What are the potential ripple effects into other areas such as socio-economic development and AI – all of the things that Dubai is touching on at the moment?

I think it is all integrated. Any of the solutions or ideas which are likely to come through this application process are going to have to be tested somewhere. They must be developed somewhere, so this is one part of the larger innovation ecosystem which we have developed in the UAE.  Our programme model is: if you have a product or an idea that is linked to one of the government’s key challenges, we’ll bring you to Dubai for nine weeks as part of the Dubai Future Accelerators. While here, you’ll work with the biggest customers and regulators to develop a business proposal that tests your approach. If your proposal is accepted, it will be funded, and we will figure out all the regulatory and legislative issues required to do the test project. If the test project is successful, we help you write the rules and regulations to scale that up.

Let’s widen our scope to the geopolitical dimension. So Dubai is a regional space hub like Singapore. What has Dubai to offer over Singapore?

The advantage that the UAE has to offer is that it is extremely fast-moving and offers extraordinary regulatory flexibility and it also has massive ambitions. There are few other places in the world right now where you are able to match up funding with flexible governance, the political ambition and the talent that is required to carry out generational transformation and experiments. Our fundamental philosophy is that we all need to be working towards building a better world and towards civilisational transition. Ultimately these challenges should bring together cities such as Dubai, Singapore, Paris, Berlin and Johannesburg and many other places. We believe very much in the spirit of cooperation.  All we can do is bring what we have to the table which is speed and ambition and a desire to change the world.

What motivated you to work in the space industry?

I grew up reading technical studies on O’Neill’s orbital colonies and I was mesmerised by their ambition and, in particular, the paintings that JPL had commissioned. The vision of this new frontier was profoundly influential to me as a child and inspired me to get into architecture and city planning.

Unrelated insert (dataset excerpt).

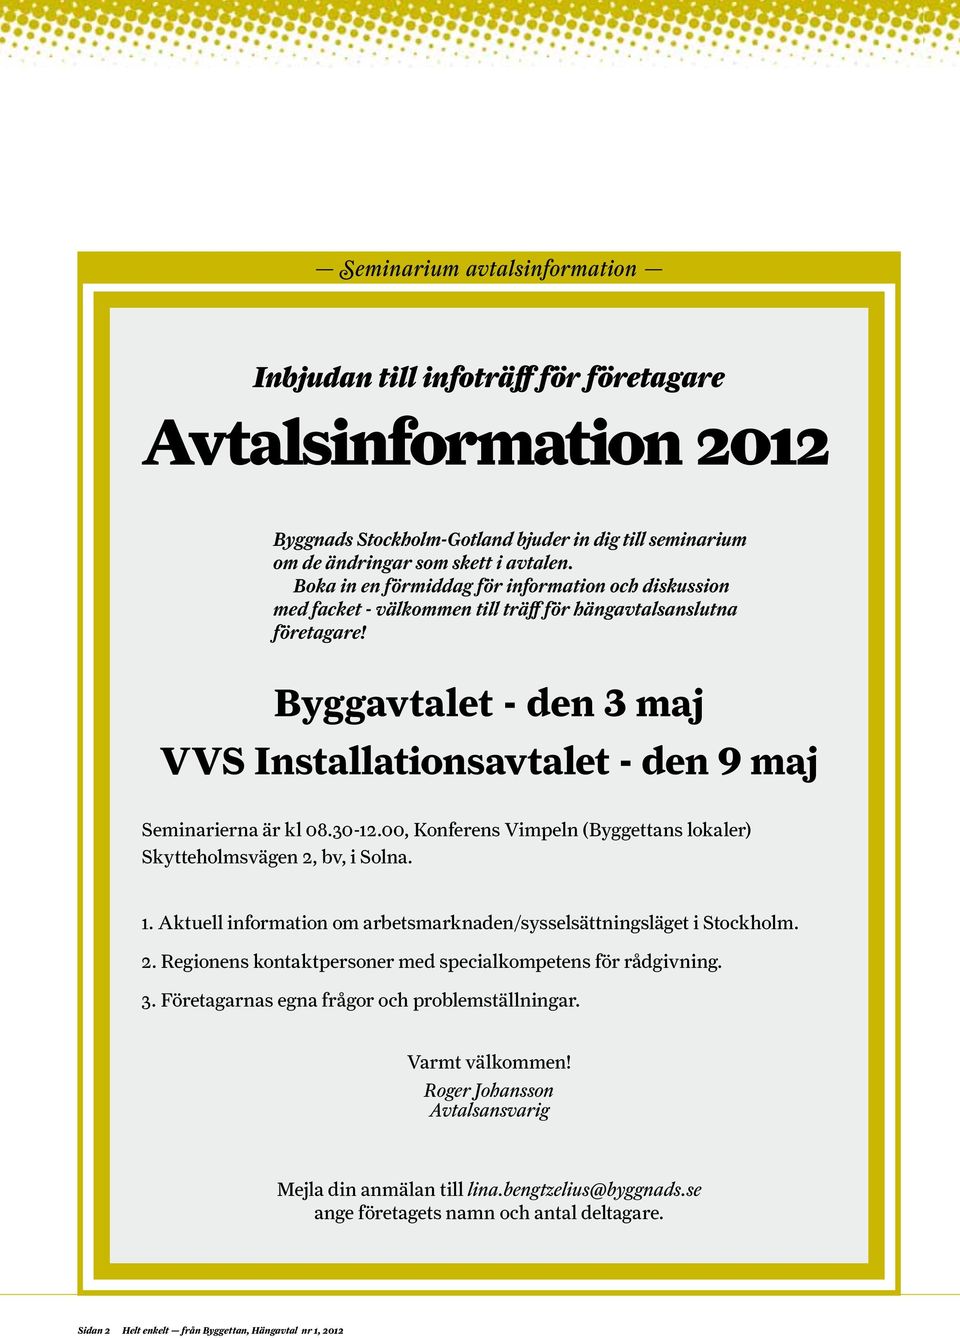 Byggavtalet - den 3 maj VVS Installationsavtalet - den 9 maj Seminarierna är kl 08.30-12.00, Konferens Vimpeln (Byggettans lokaler) Skytteholmsvägen 2, bv, i Solna. 1.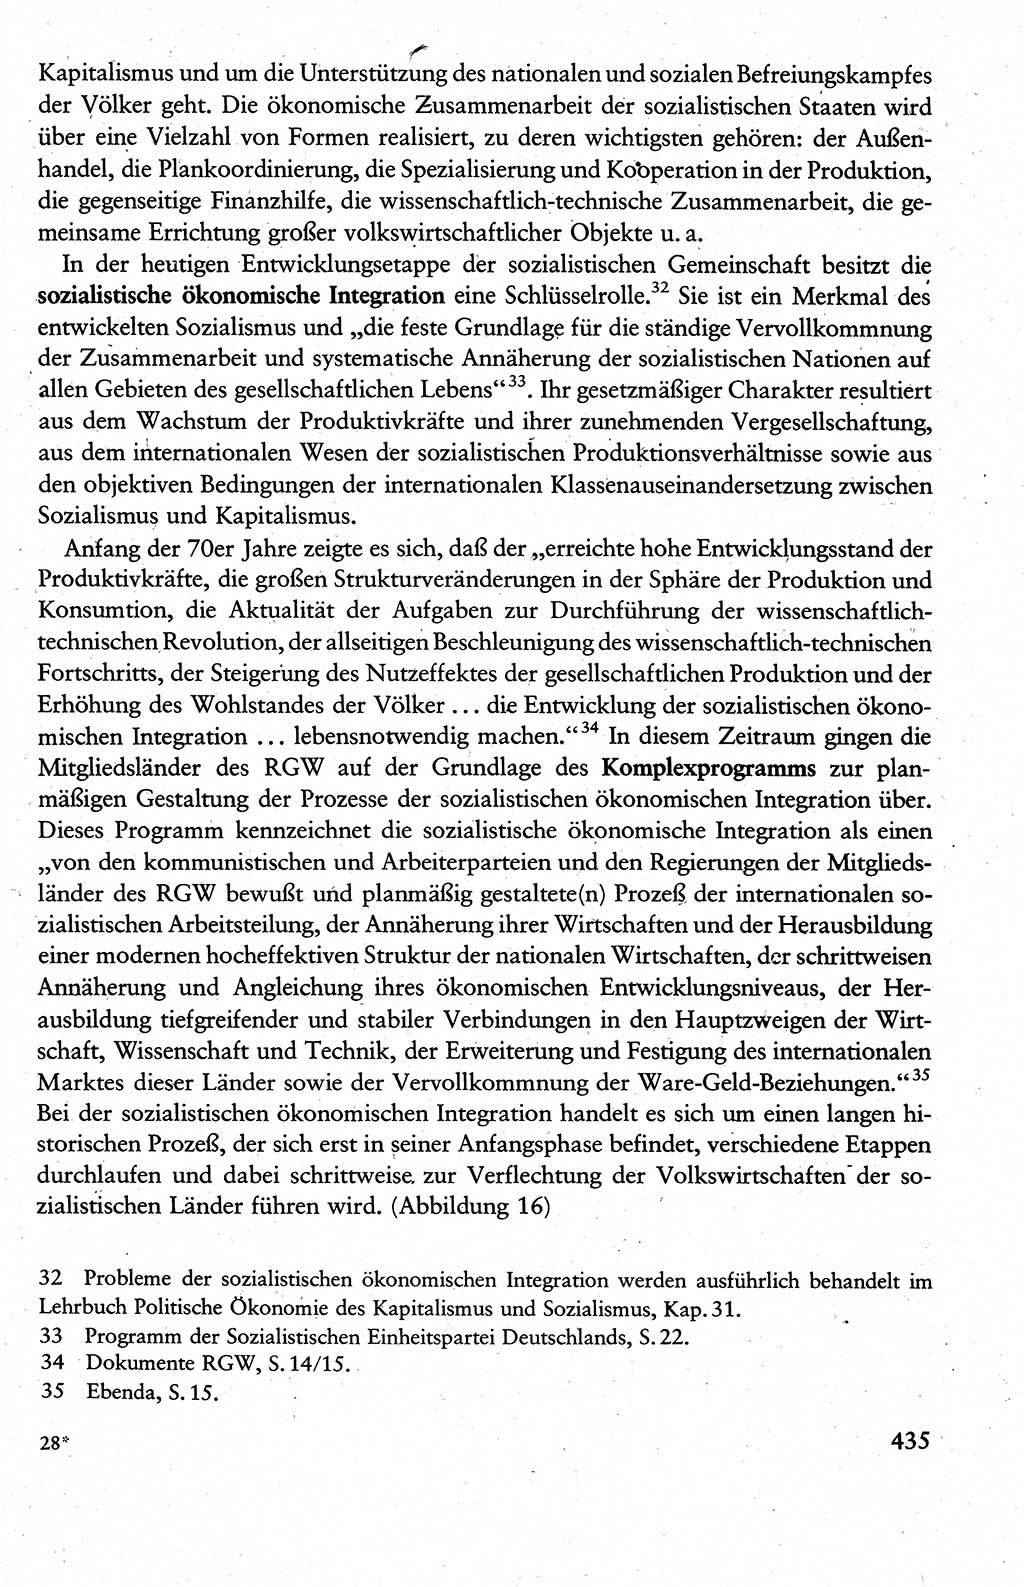 Wissenschaftlicher Kommunismus [Deutsche Demokratische Republik (DDR)], Lehrbuch für das marxistisch-leninistische Grundlagenstudium 1983, Seite 435 (Wiss. Komm. DDR Lb. 1983, S. 435)

It has been a long and winding road for me since architecture school but I am still passionate about the idea that, ultimately, our future lies in space. Multi-planet living is such an inspiring vision to work towards. Even though I left urban planning, I’ve always wanted to play a role in helping to facilitate these visions. I think we’d all agree that they’re needed now more than ever, which is why it is such an honour to be able to work in the UAE under such visionary leadership and play even the tiniest part in making them happen.

 

Courtesy: Dr. Noah Raford

Dr. Noah Raford: Prior to his work in the UAE, Noah was a senior manager at the strategy consultancy Monitor / GBN, CEO and co-founder of the technology foresight company Futurescaper, North American Director of Space Syntax Limited, and the Senior Research Advisor to Prince’s Foundation for the Built Environment.

Noah completed his PhD at the Massachusetts Institute of Technology (MIT), his masters at the Bartlett School of Architecture, and his undergraduate degree at Brown University. He has served as a member World Economic Forum (WEF) Global Agenda Council on Artificial Intelligence and Robotics, a Senior Research Fellow at the London School of Economics, a fellow at the Bartlett School of Architecture, and as a member of the International Futures Forum.

He lives in Dubai, is married with two children and is a semi-retired techno DJ. He maintains an occasional podcast called NerdHouse(mixing deep techno with deep lectures and spoken word) and is currently working on his third book, “Pre-Legal Innovation: How to Build the Future Where it Matters the Most”.

SpaceWatch.Global thanks Dr. Noah Raford of Dubai Future Foundation for the interview.